Washington, D.C. — Today, the Biden administration released its long-awaited oil and gas leasing report. Among other findings, the report makes it clear that the current program doesn’t give taxpayers a fair return, doesn’t do enough to protect the environment, and doesn’t adequately incorporate perspectives from Americans who are most impacted by harmful Big Oil activities in their regions.
In response, government watchdog Accountable.US released the following statement calling on Senate lawmakers to follow the lead of their colleagues in the House and ensure crucial reforms to the nation’s oil and gas leasing program are included in their version of the Build Back Better Act.
“The Interior Department’s report makes it abundantly clear that under the current oil and gas leasing program, taxpayers and the environment are losing out while Big Oil profits handsomely,” said Kyle Herrig, president of Accountable.US. “Lawmakers should be prioritizing Americans’ best interests, not wealthy oil and gas companies’ bottom lines.

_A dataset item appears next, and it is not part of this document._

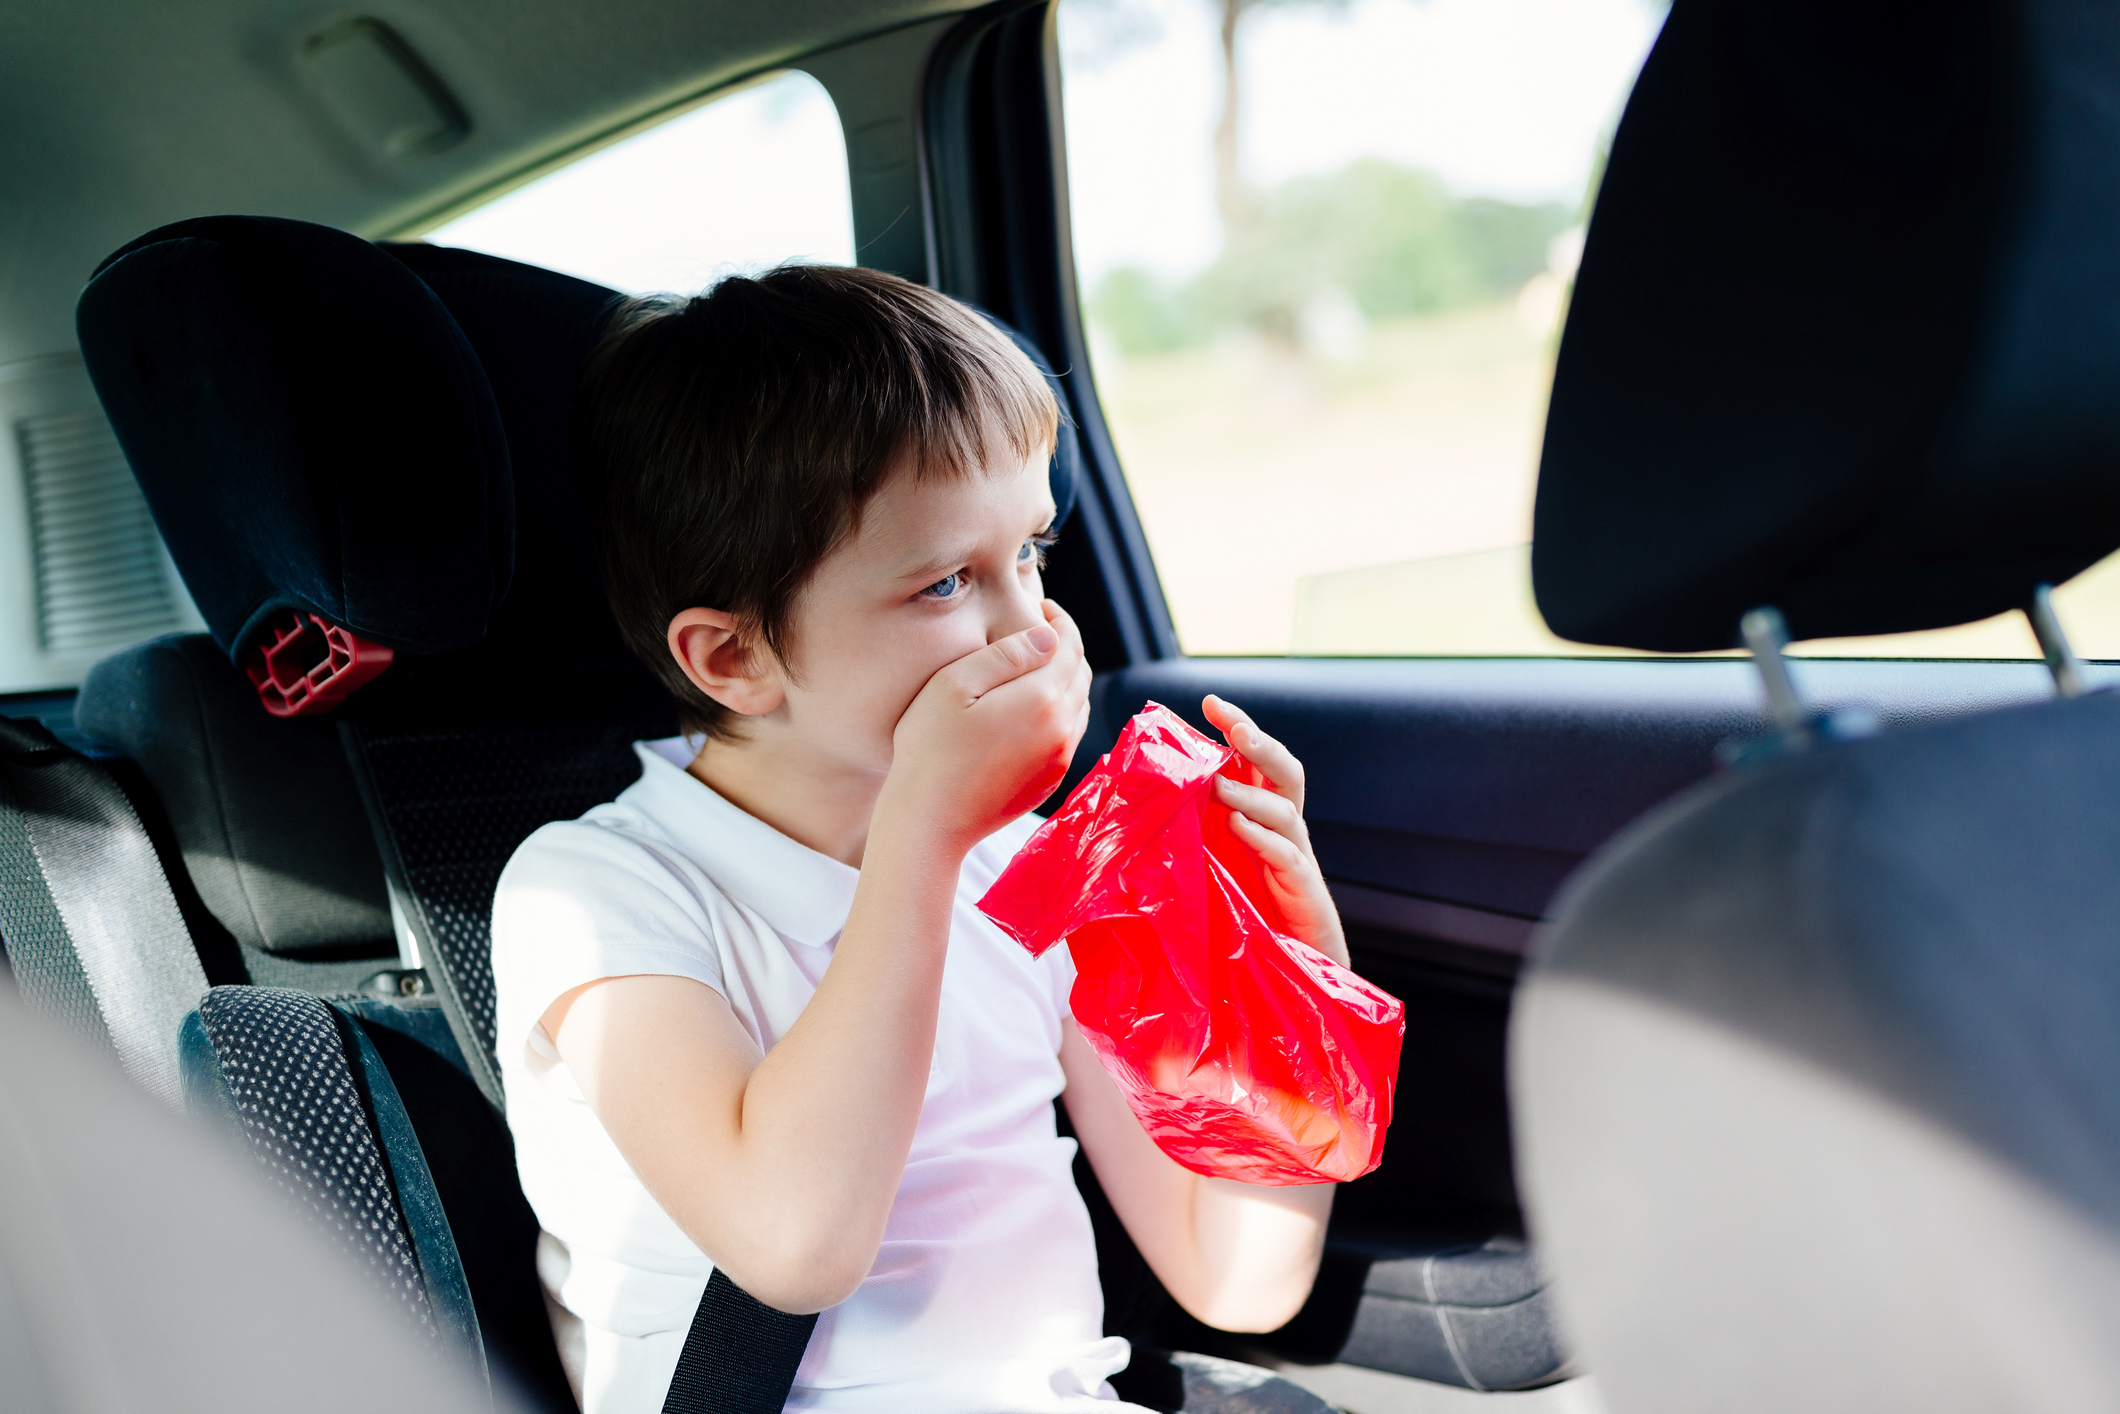 Chlapec v autě držící kapsu na zvracení a ústa. Je mu špatně, pocit na zvracení, tíha, kinetóza

If Congress is serious about combating climate change and protecting our nation’s cherished public lands, senators must ensure bold reforms to the nation’s public lands leasing program are included in the Build Back Better Act.”

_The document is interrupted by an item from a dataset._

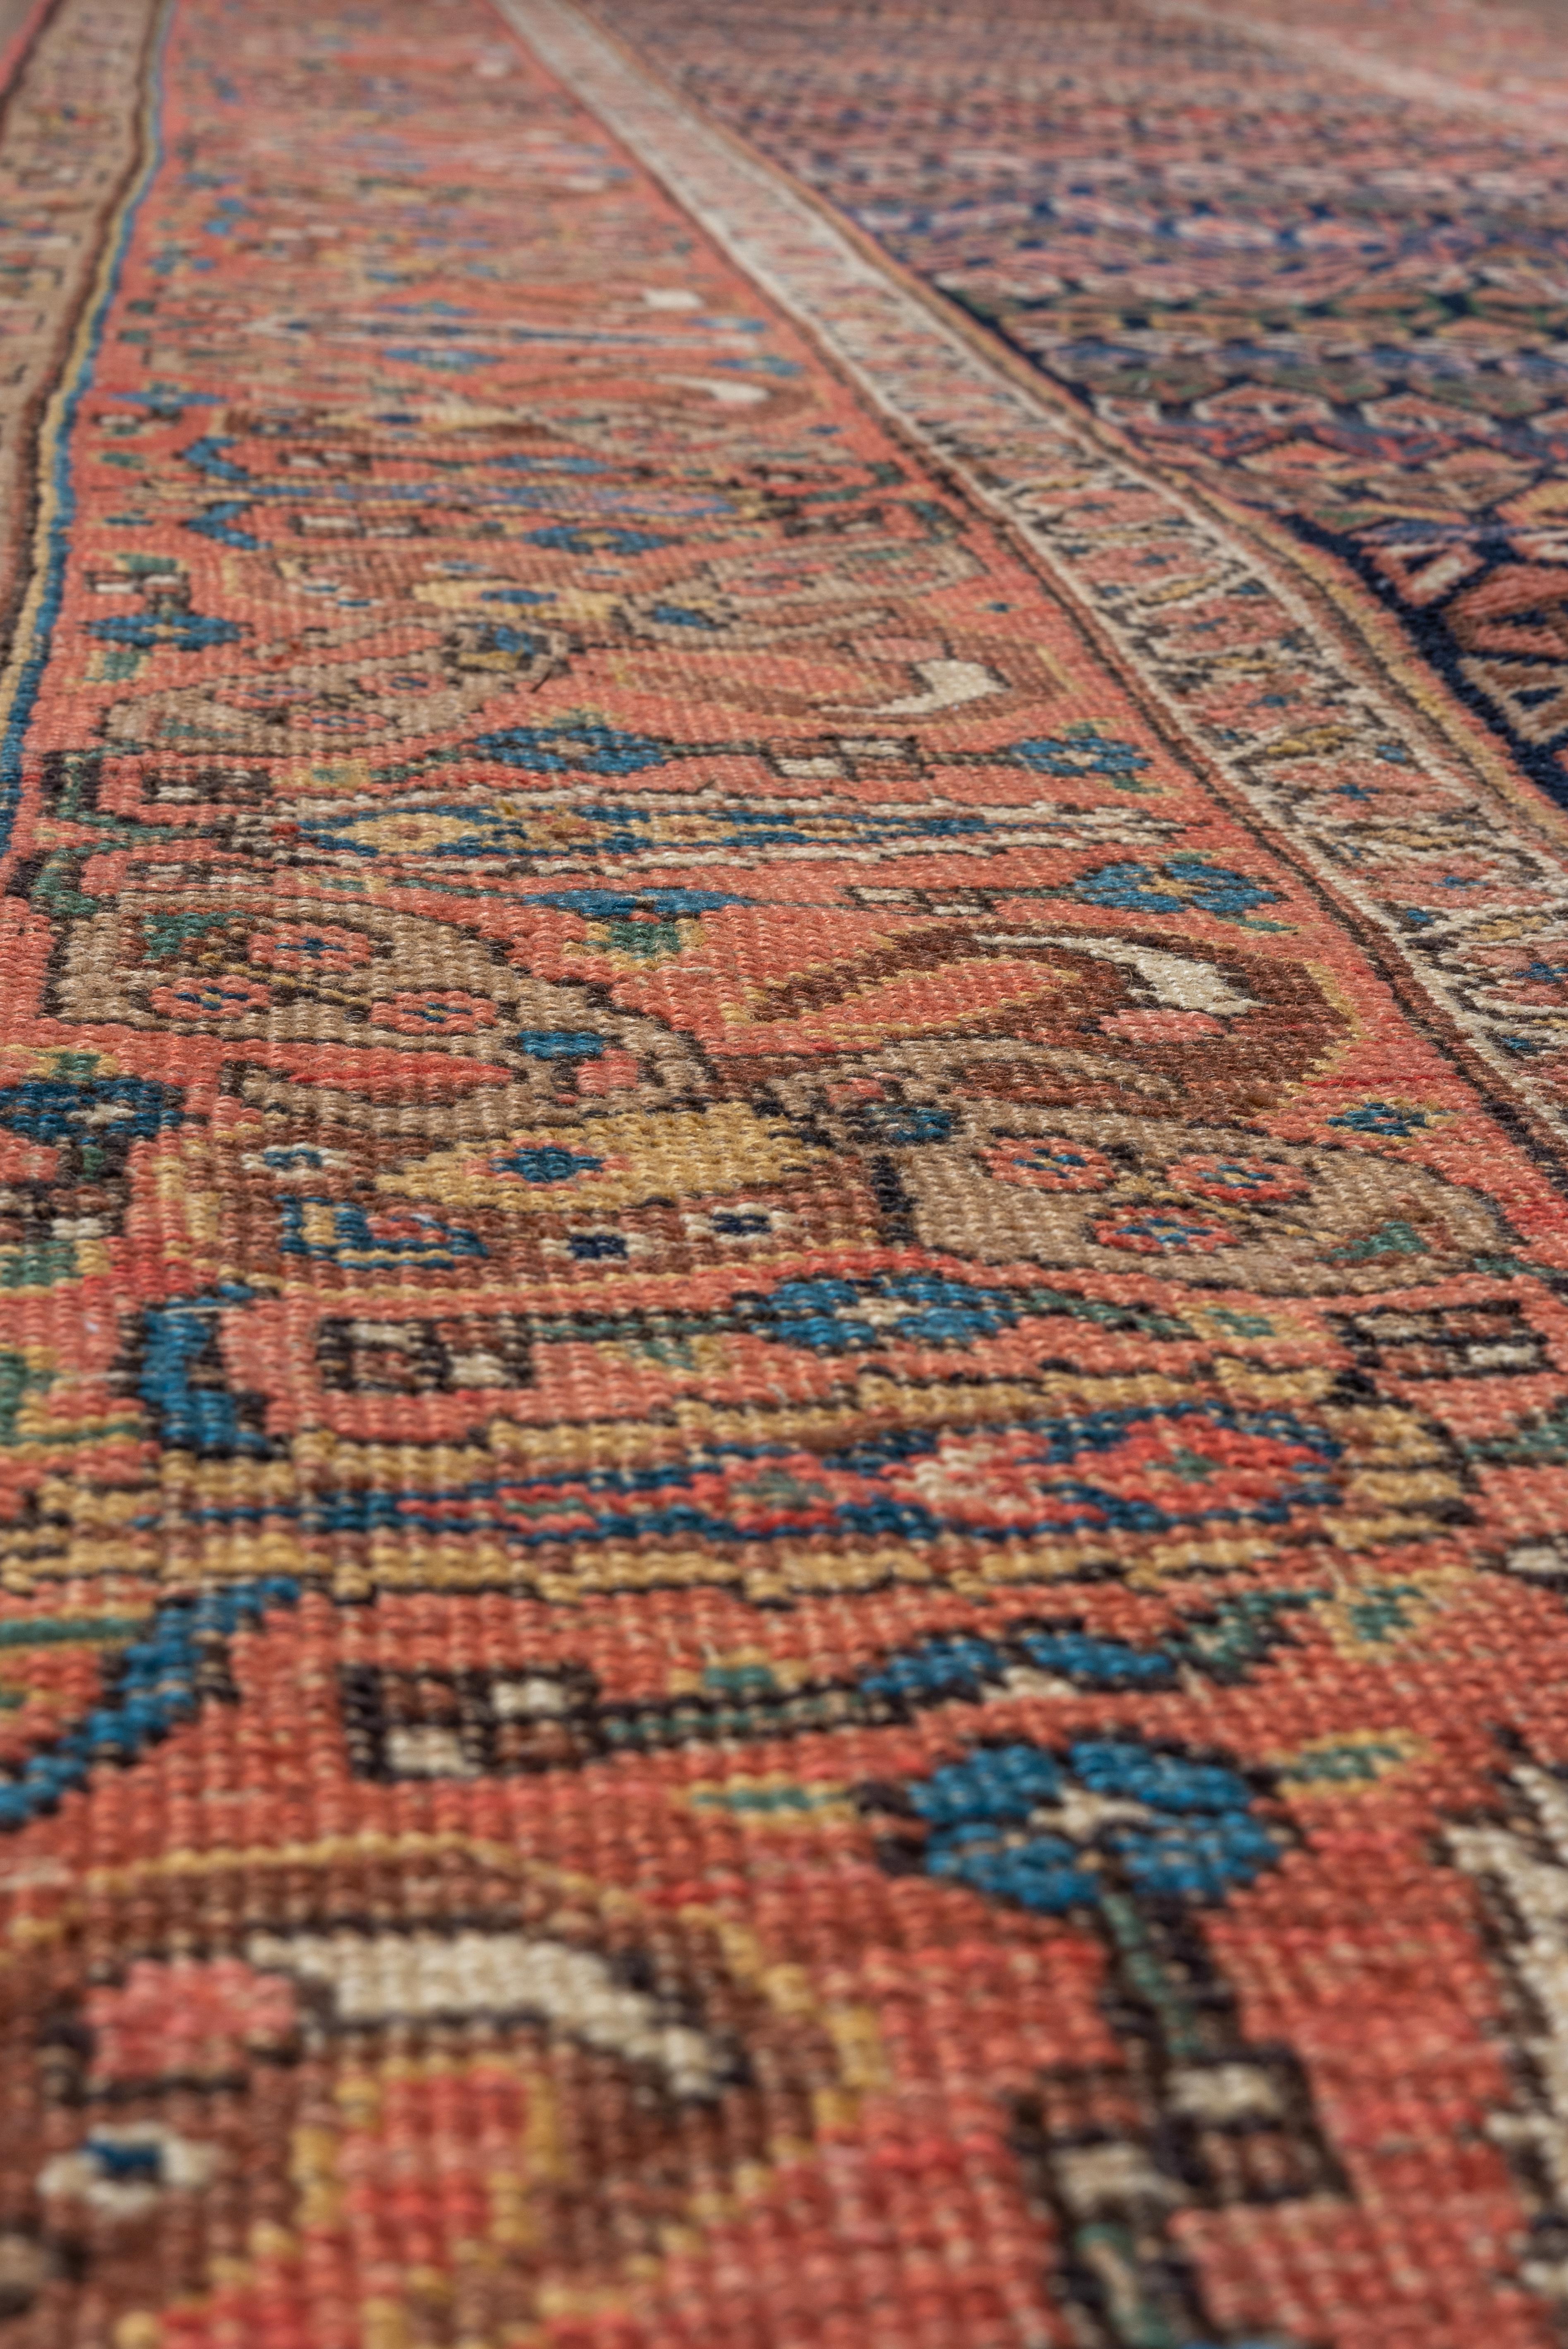 Les tapis Bidjar, également connus sous le nom de tapis Bijar, sont un type de tapis tissé à la main originaire de la ville de Townes, dans la région du Kurdistan iranien. Ils sont très appréciés pour leur durabilité exceptionnelle, leurs poils

- Currently, oil and gas companies pay an artificially low royalty rate based on the Mineral Leasing Act Of 1920, which set the current public lands oil and gas royalty rate at 12.5%.
- The low royalty rate is a “sweetheart deal” for oil corporations that is frequently identified by the Government Accountability Office as a major reason for the program’s failure to ensure a fair return to taxpayers for oil and gas production.

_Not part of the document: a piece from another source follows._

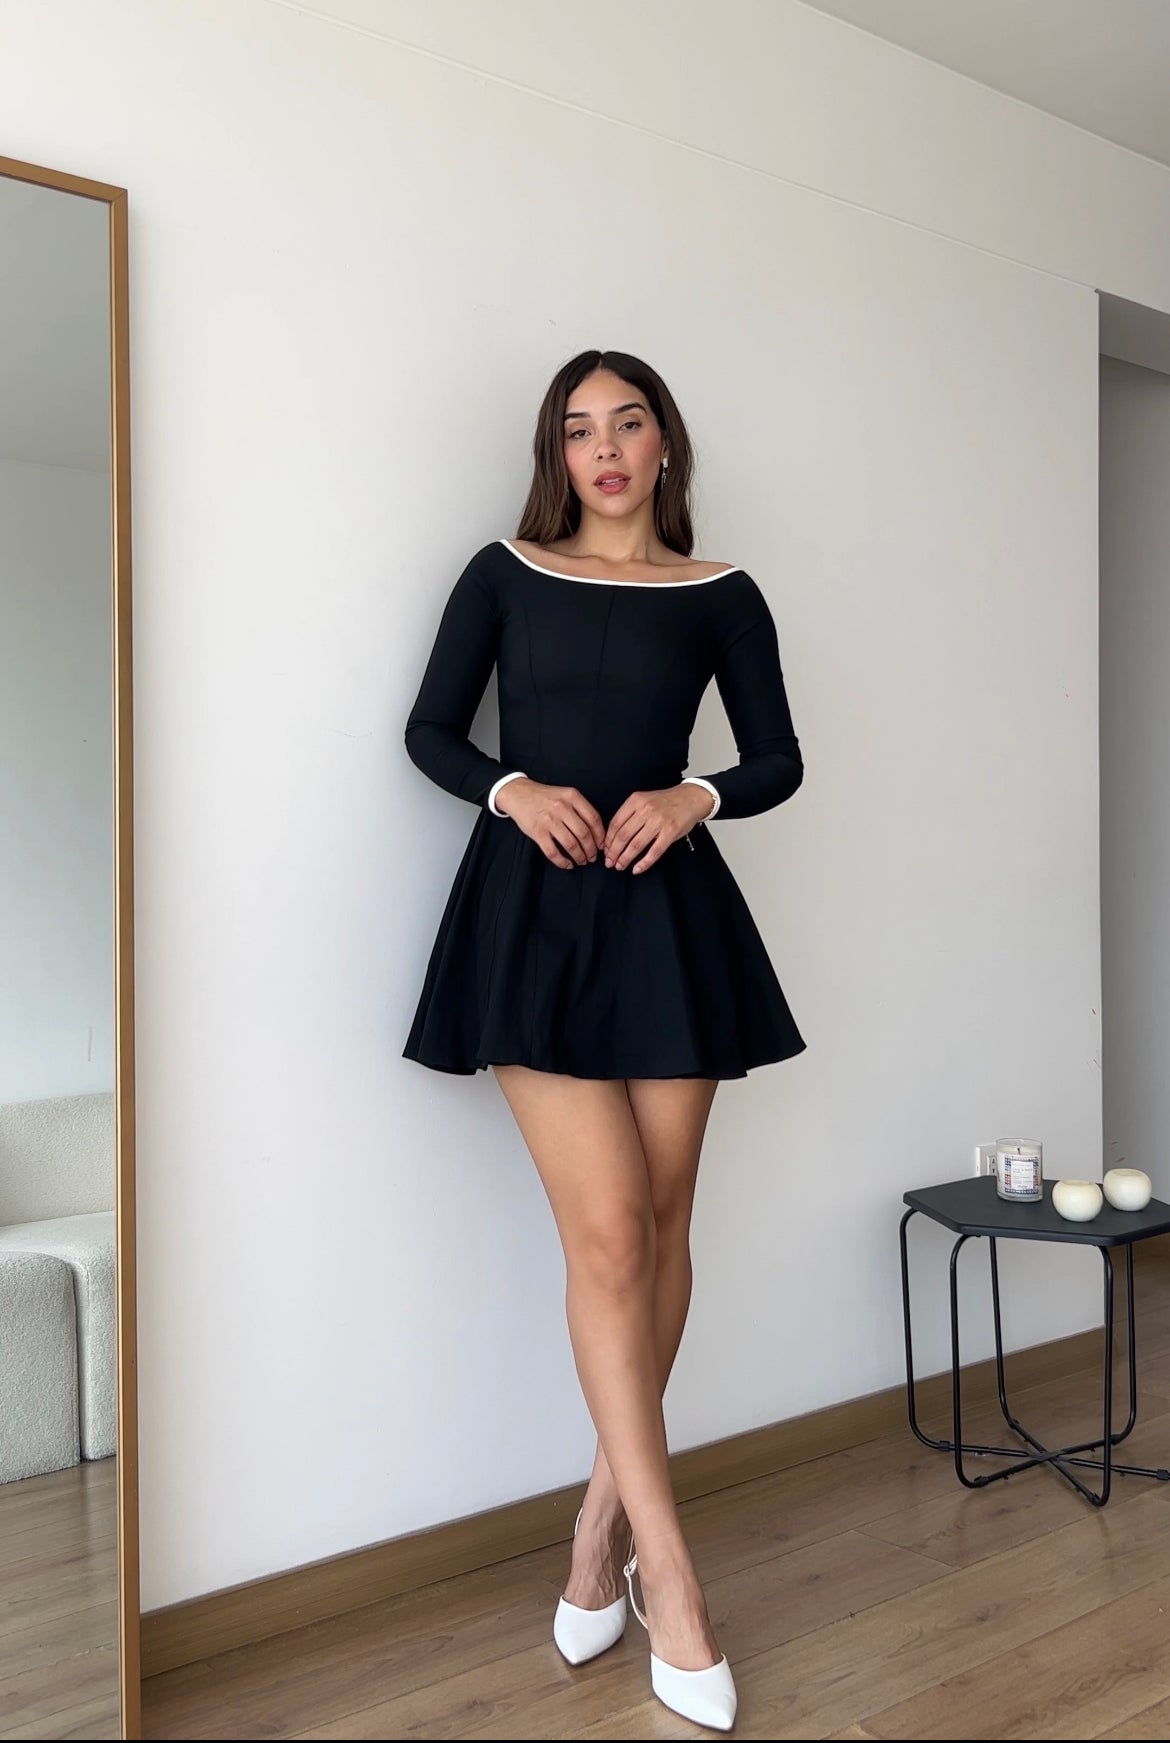 Mariana vestido negro

- The GAO says increasing the royalty rate could boost revenues by millions of dollars a year without a major adverse impact to production.
- As a result of this sweetheart deal, despite its rampant fear mongering about President Biden’s climate and conservation policies, Big Oil is set to make record profits in 2021.
- As gas prices rise, oil companies’ sky high profits come at the expense of U.S. consumers.